Dozens of people had been killed and hundreds had been wounded after the most deadly street fighting in Moscow since the Bolshevik Revolution in October 1917. This episode served to prove that Russia is not a parliamentary system, but rather a presidential regime, with substantial power in the president's hands.

Origins of the crisis

The intensifying executive-legislative power struggle

Yeltsin's neoliberal reform program took effect on January 2, 1992. The results were felt immediately as prices skyrocketed, government spending was slashed, and heavy new taxes went into effect. A deep credit crunch shut down many industries and brought about a protracted depression. Quickly a number of politicians began to distance themselves from the program.

Throughout 1992 growing opposition to Yeltsin's policies came from those bureaucrats that were worried about the condition of Russian industry, as well as from the regional leaders that wanted more independence from Moscow. Even Russia's vice president, Aleksandr Rutskoy, denounced the Yeltsin program as "economic genocide."1 The chairman or speaker of the Russian Supreme Soviet (the standing legislature), Ruslan Khasbulatov, also came out in opposition to the reforms, despite still claiming to support Yeltsin's overall goals. The leaders of the oil-rich republics such as Tatarstan and Bashkiria were even calling for full independence from Russia. Many of those demands were to find their representatives in parliament itself.

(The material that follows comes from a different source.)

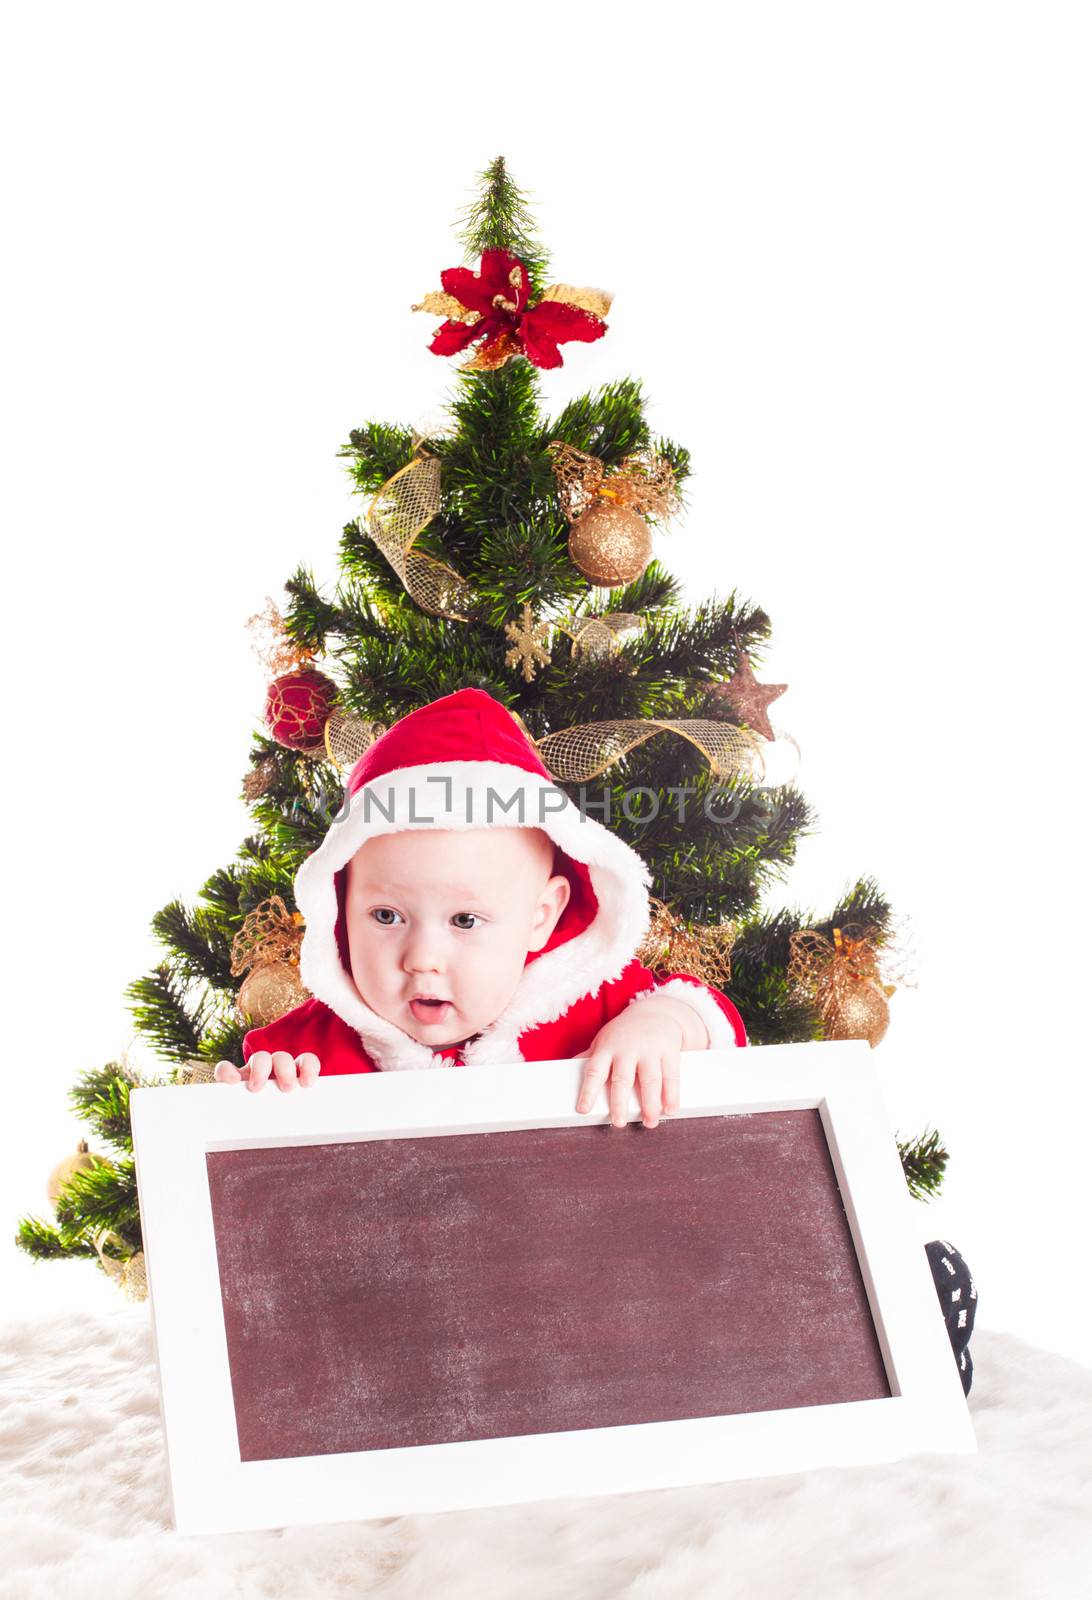 Santa and chalkboard with chritmas tree for greetings

Under the terms of the constitutional amendments passed in late 1991, the special powers of decree were set to expire by the end of 1992. Yeltsin, of course, awaiting implementation of his privatization program, demanded that parliament reinstate his decree powers, but parliament was unwilling (only parliament had the authority to replace or amend the constitution).

Throughout 1992, Yeltsin wrestled with the parliament for control over government and government policy. During its December session the parliament clashed with Yeltsin on a number of issues, and the conflict came to a head on December 9 when the parliament refused to confirm neoliberal economist Yegor Gaidar, the widely despised architect of Russia's "shock therapy" market liberalizations, as prime minister. They refused to nominate Gaidar, demanding modifications of the economic program and directed the Central Bank, which was under the parliament's control, to continue issuing credits to enterprises to keep them form shutting down.2

In an angry, demagogic speech the next day on December 10, Yeltsin deemed the congress as a "fortress of conservative and reactionary forces," among other populist appeals. Parliament responded by voting to take control of the parliamentary army.

On December 12, Yeltsin and parliament speaker Khasbulatov agreed on a compromise that included the following provisions: (1) a national referendum on framing a new Russian constitution to be held in April 1993; (2) most of Yeltsin's emergency powers were extended until the referendum; (3) the parliament asserted its right to nominate and vote on its own choices for prime minister; and (4) the parliament asserted its right to reject the president's choices to head the Defense, Foreign Affairs, Interior, and Security ministries. Yeltsin nominated Viktor Chernomyrdin to be prime minister on December 14, and the parliament confirmed him.

Yeltsin's December 1992 attempt to browbeat the seventh Congress of the People's Deputies temporarily backfired. Early 1993 saw increasing tension between Yeltsin and the parliament over the language of the referendum and power sharing. In a series of collisions over policy, the congress whittled away the president's extraordinary powers, which it had granted him in late 1991. The legislature, marshaled by Speaker Ruslan Khasbulatov, began to sense that it could block and even defeat the president. The tactic that it adopted was gradually to erode presidential control over the government. Blocked by the legislature, the president called a referendum on a constitution for April 11.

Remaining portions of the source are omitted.